**What to do:** From the entries below, reproduce exactly the lines from the one with "#exteriordesigns #ContemporaryHouse #3dmodeling" through the one with "#KeralaStyleHouse", both included, without images.

**Extracted records:**
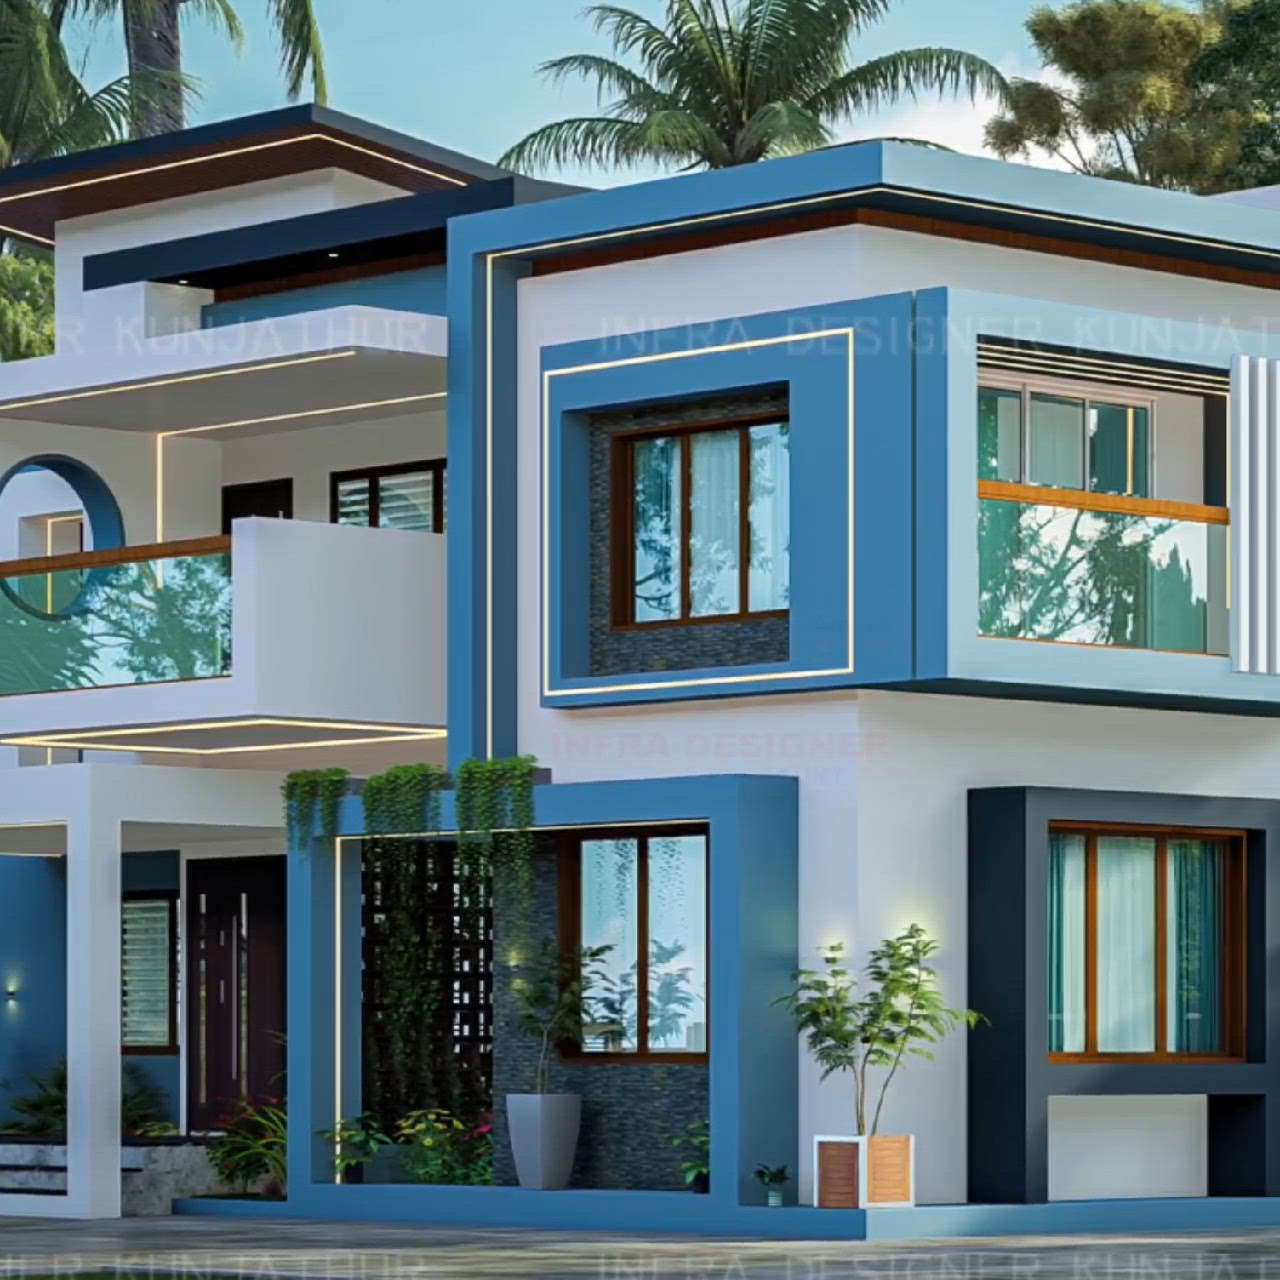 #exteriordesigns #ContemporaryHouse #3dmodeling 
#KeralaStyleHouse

==

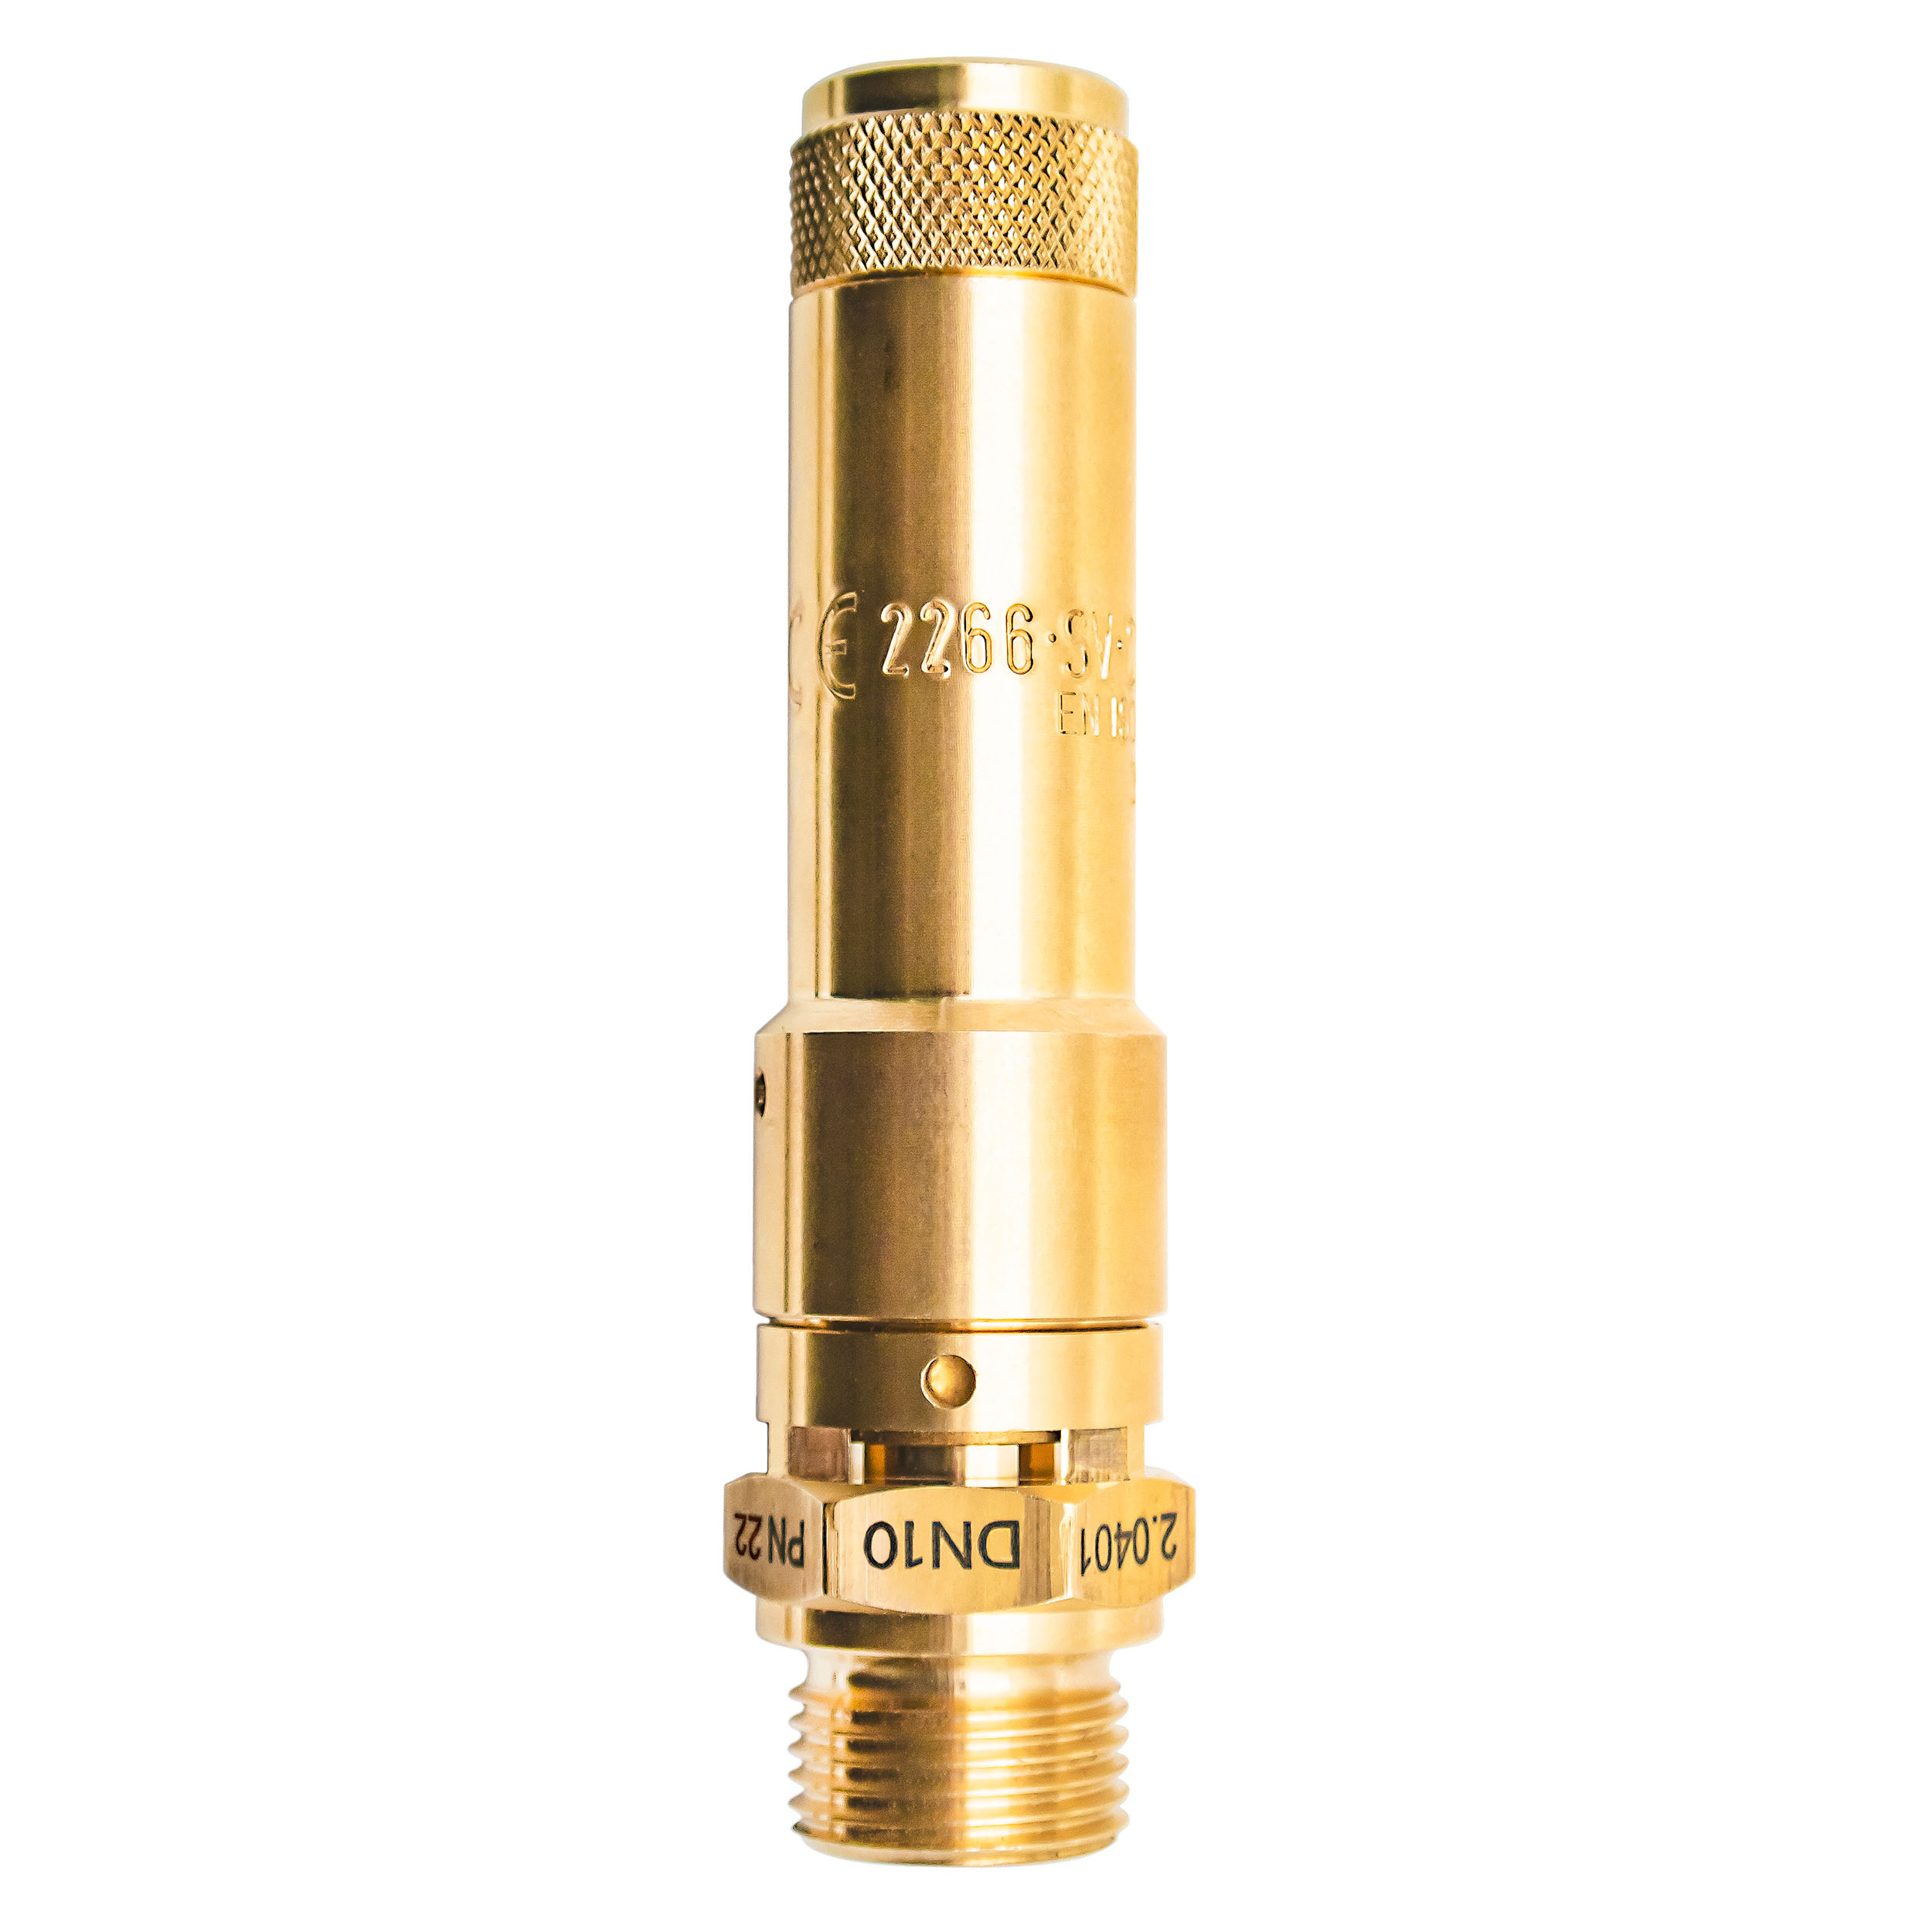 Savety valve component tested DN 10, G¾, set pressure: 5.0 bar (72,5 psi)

**Exercise result:**
 #exteriordesigns #ContemporaryHouse #3dmodeling 
#KeralaStyleHouse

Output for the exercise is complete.